Once you have both yp(x) and yc(x), you'll be done and your solution will be:
y(x) = yp(x) + yc(x)
The other two sources describe how to use the other method (undetermined coefficients) and some other general information about differential equations.
2006-09-20 10:55:14 · answer #1 · answered by Ted 4 · 0⤊ 0⤋
For the inhomogenous solution, take y = y1 + y2, with y1 = a e^(-3x) and y2 = b e^(-x). Then
y''' = -27 y1 - y2
2y'' = 18 y1 + 2 y2
-5y' = 15 y1 + 5 y2
-6y = -6y1 + -6y2
Turns out that the left hand side is zero, so we must pick a = b = 0. (This is an exeptional situation!)

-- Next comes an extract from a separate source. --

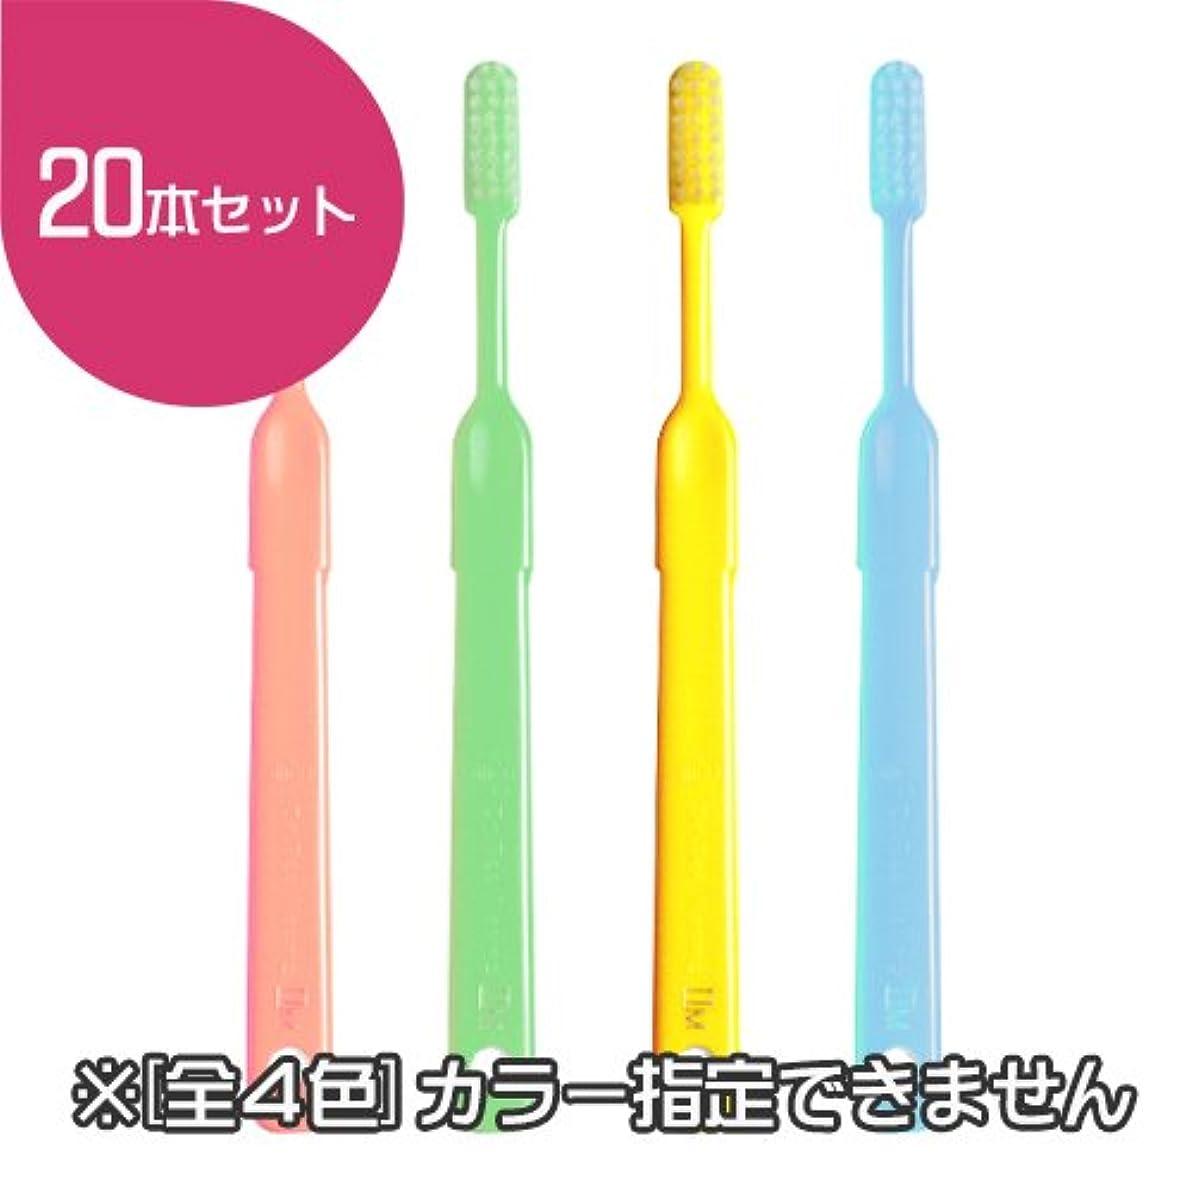 陰気意義前兆ビーブランド ドクター ビーヤング2 歯ブラシ 20本 (スーパーソフト)

To this solution we can add homogenous solutions, i.e. of the equation y''' + 2y'' - 5y' - 6y = 0. These will be a linear combination of exponential functions, possibly with complex coefficients in the exponent. Take y = e^(px), then
y''' + 2y'' - 5y' - 6y = (p^3 + 2p^2 - 5p - 6) y = 0,
so p^3 + 2p^2 - 5p - 6 = 0. A factoring is
(p - 2)(p - 3)(p + 1) = 0, so p = 2, -1 or -3. Therefore, the functions e^(2x), e^(-x) and e^(-3x) are all solutions, as is any linear combination:
y = A e^(2x) + B e^(-x) + C e^(-3x)
for any A, B, C.
2006-09-20 17:58:02 · answer #2 · answered by dutch_prof 4 · 0⤊ 1⤋